How to achieve these aims

To be diversified and replicating the market, you'd need to hold many hundreds or thousands of investments. Fortunately, there are things called funds which handle all of this for you. You buy units of a single fund, which in turn holds many hundreds or thousands of shares in different companies, or bonds, across different countries, or sectors, or sizes, depending on the fund.

The Vanguard Lifestrategy funds are specifically designed to meet the above aims. These funds are popular amongst individual investors who want to have a passive approach, holding investments in a small number of funds which are a diversified across different sectors, assets and markets.

See the article on index funds for more information.

The logistics of investing

Buying units of these funds is a little more complicated than adding cash to a savings account, but not much more. You will first need a trading account with a broker. This is like a bank account, but where you can hold investments in shares, bonds, funds and other tradeable assets. Like a bank holds cash on your behalf, a broker holds the investments on your behalf, and interacts with the systems and markets where these investments are bought and sold.

Monevator maintain a list of brokers, and the fees they charge, which may help you in selecting a broker to use. Opening an account tends to be similar to opening a bank account in terms of the number of hoops you need to jump through, but different brokers may have different processes.

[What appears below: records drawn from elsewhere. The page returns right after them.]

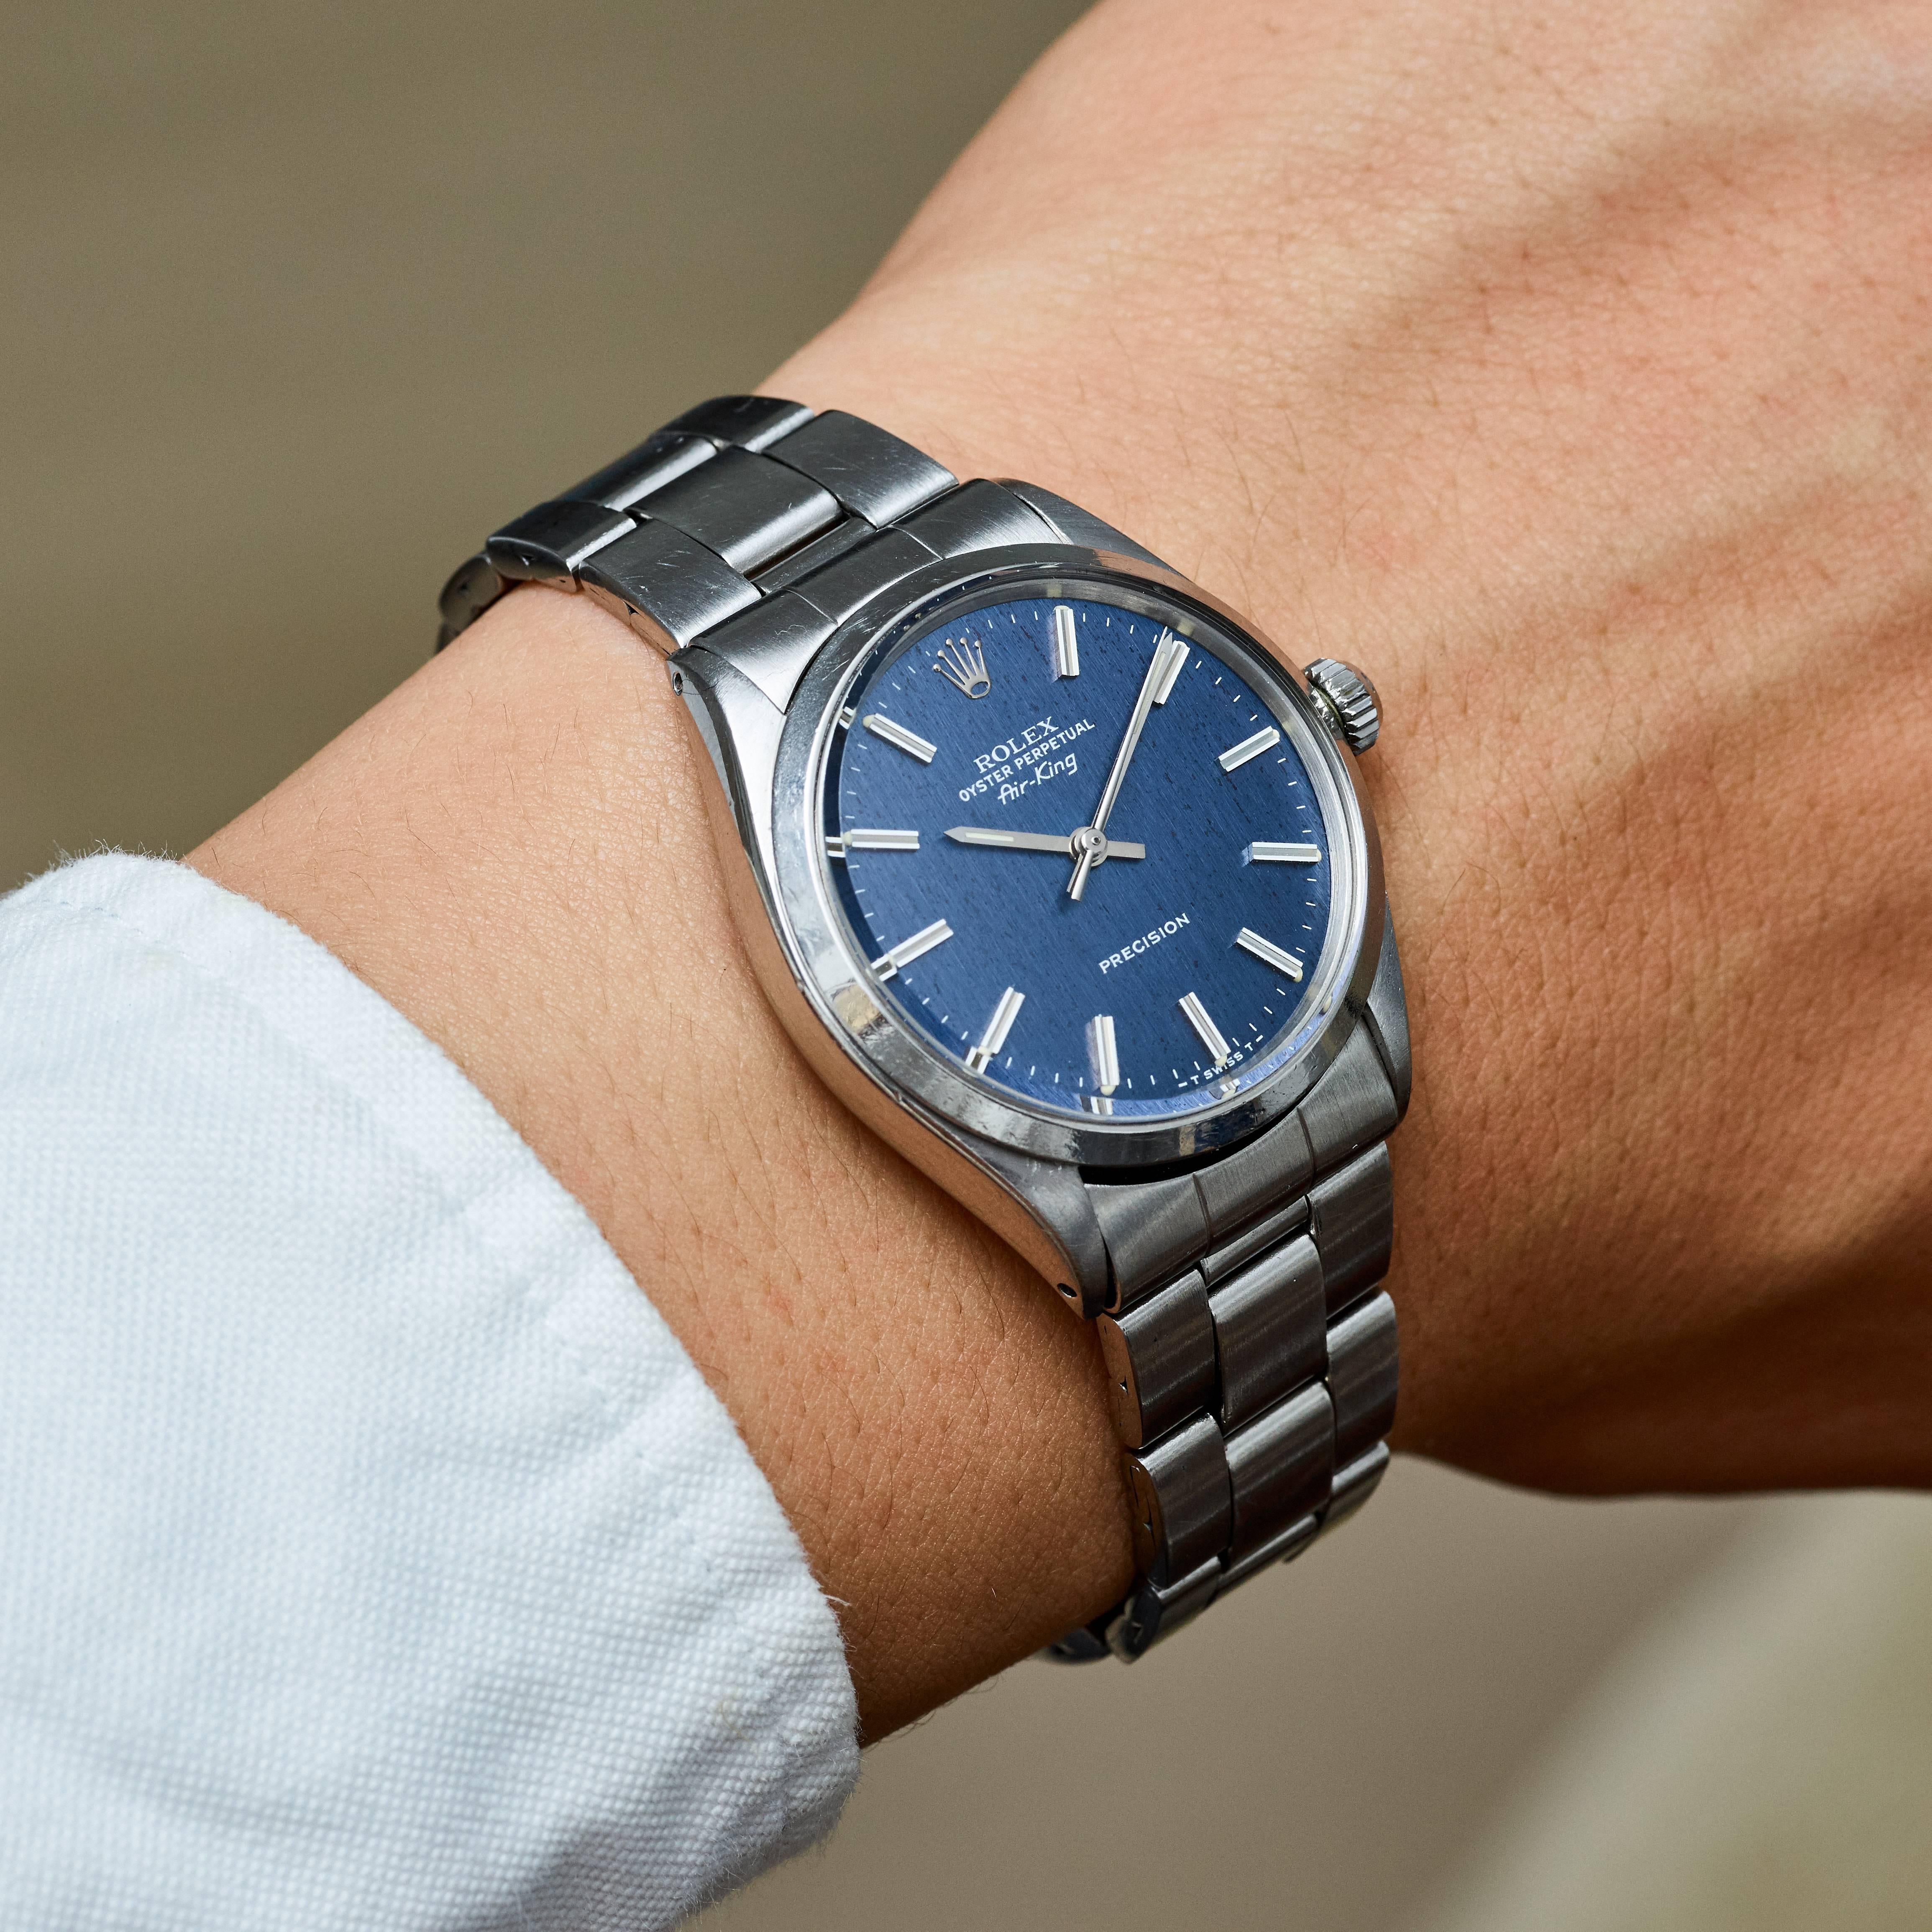 Rolex Stainless Steel Oyster Perpetual Air-King Stainless Steel Watch
Factory Blue Linen Dial with Wide Index Markers
Stainless Steel Smooth Bezel
Stainless Steel Case
34mm in size 
Features Rolex Automatic Movement 
Acrylic Crystal
From Early

After you've opened a trading account, you can transfer cash into the account. From there you can use that cash to buy units in a fund, or other investments. The price of a single unit of a fund varies daily based on the value of the underlying assets. When you choose to buy the fund, you will typically tell your broker to buy some amount, for example £1,000, of the fund. The broker will then execute this trade for you. For some asset types, like shares in a company, this may happen quickly, but for funds like the Vanguard Lifestrategy, these trades happen once per day. So you will find out the next day (or potentially a few days later), what the price was at the time of your broker performing the trade for you, and so how many units you have actually ended up with. Note that unlike shares in a company, you can hold fractional units of a fund, so you can likely choose down to the penny how much to invest, regardless of the price of the fund.

Different types of account

You may have some of your cash savings in an ISA, where any interest is tax free and that you can contribute up to £20,000 per year to. You can also hold your investments in a similar Stocks & Shares ISA, where any income and or capital gains from your investments are tax free. You have a total allowance of £20,000 per year across both cash and Stocks & Shares ISAs.

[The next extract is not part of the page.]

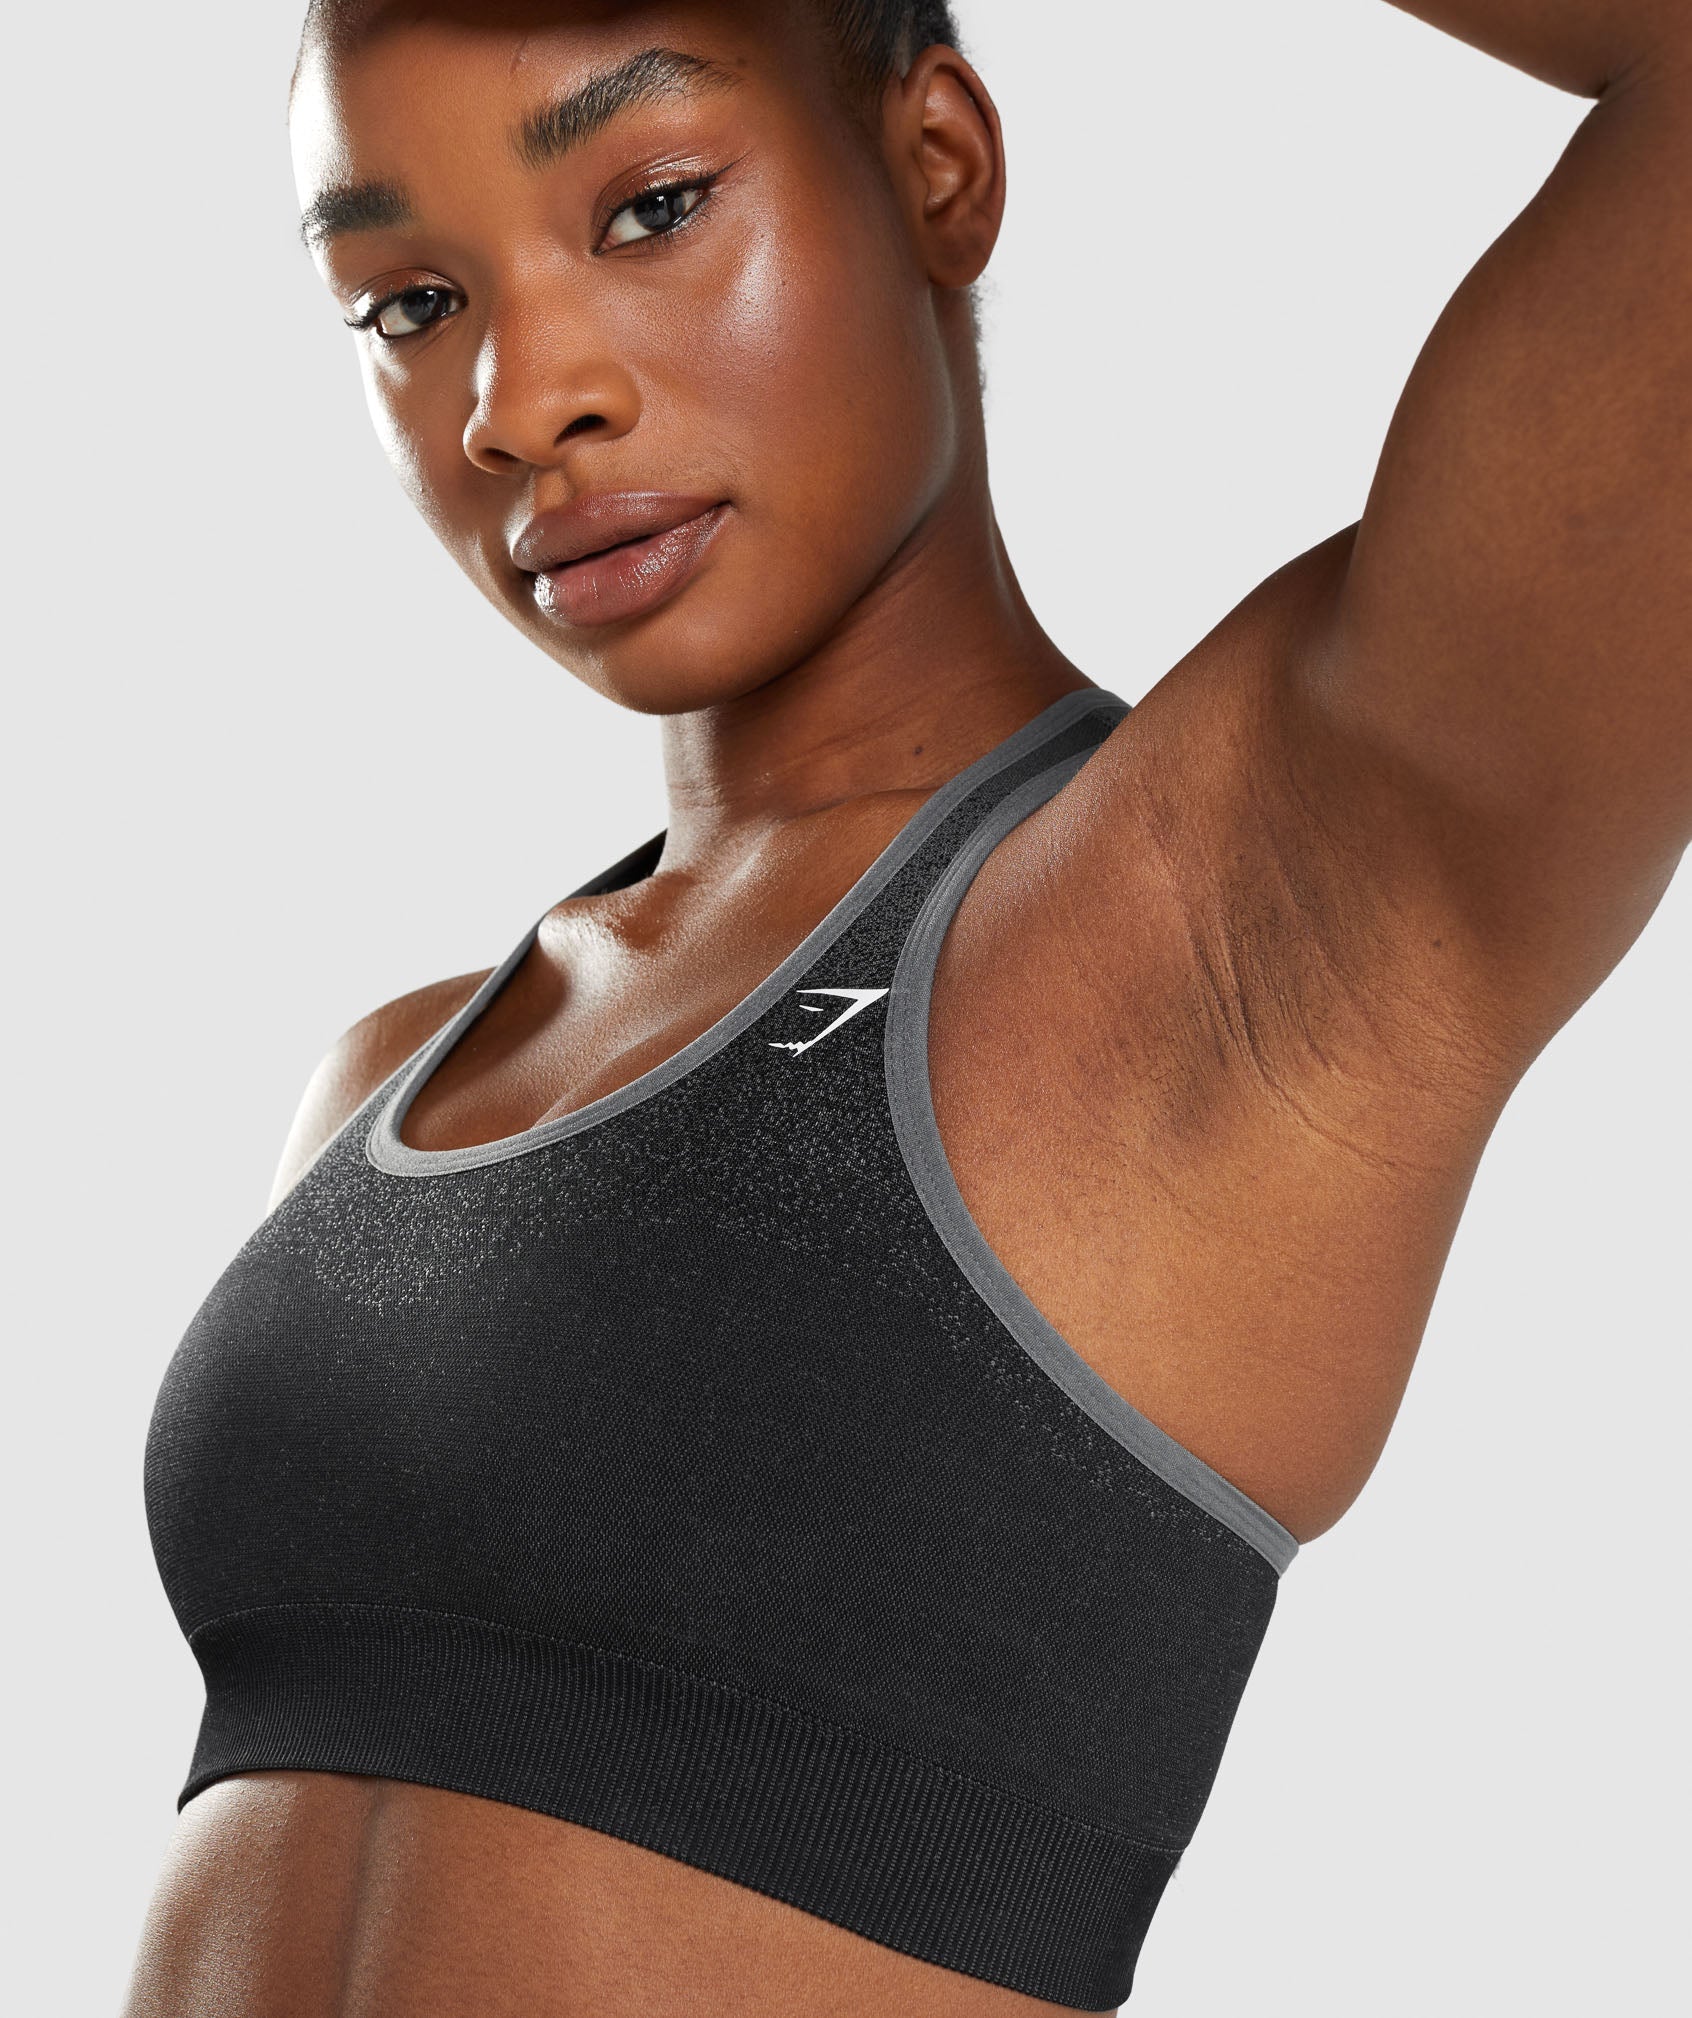 Gymshark NEW RELEASES, VITAL SEAMLESS 2.0, Adapt Ombré, Release & More

You can also hold your investments in a SIPP (Self Invested Personal Pension) account, where any contributions get a tax rebate, but you can't withdraw until you are 55.

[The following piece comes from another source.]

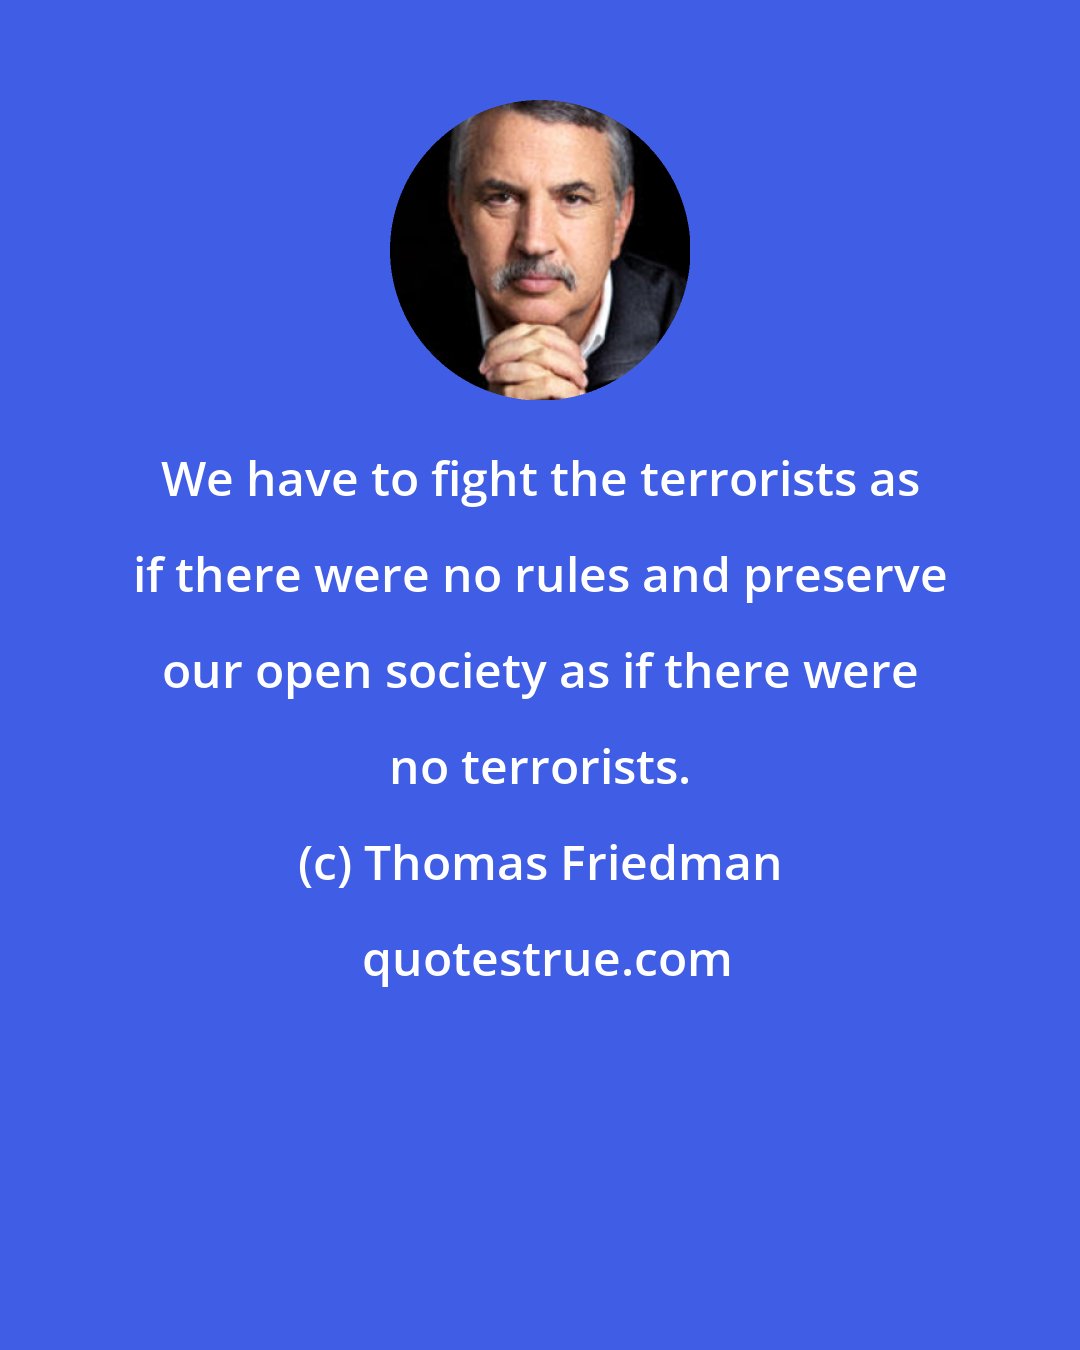 Thomas Friedman: We have to fight the terrorists as if there were no rules and preserve our open society as if there were no terrorists.

When you open an account with a broker, you will have the choice of opening a regular trading account, an ISA or a SIPP. You will be able to open multiple accounts of different types if you want to.

Tax implications

Before you make your first investment, it's important to know that holding investments may introduce some additional complexity to your tax situation:

  • If your investments produce income from interest payments or dividends, you are liable to pay income tax on these. This tax will not be deducted automatically as it is when you are a PAYE employee, and so will need to report this to HMRC yourself via a self assessment tax return.
  • When you sell any investments, you may be liable for capital gains tax. If you bought some assets for £10,000 and then sold them for £12,000, you would have made a capital gain of £2,000, on which capital gains tax may be due (although you have a tax-free allowance each year).

The above only applies to investments outside of a tax-efficient wrapper. Investments in an ISA or SIPP will not be liable for the above taxes.

Next steps

This article is intended to be a broad overview of what you need to know and think about while investing, but it's certainly not comprehensive. You should make sure that you fully understand the implications of starting investing, do your own research, and speak to a financial advisor if you are uncertain. Good luck on your investment journey!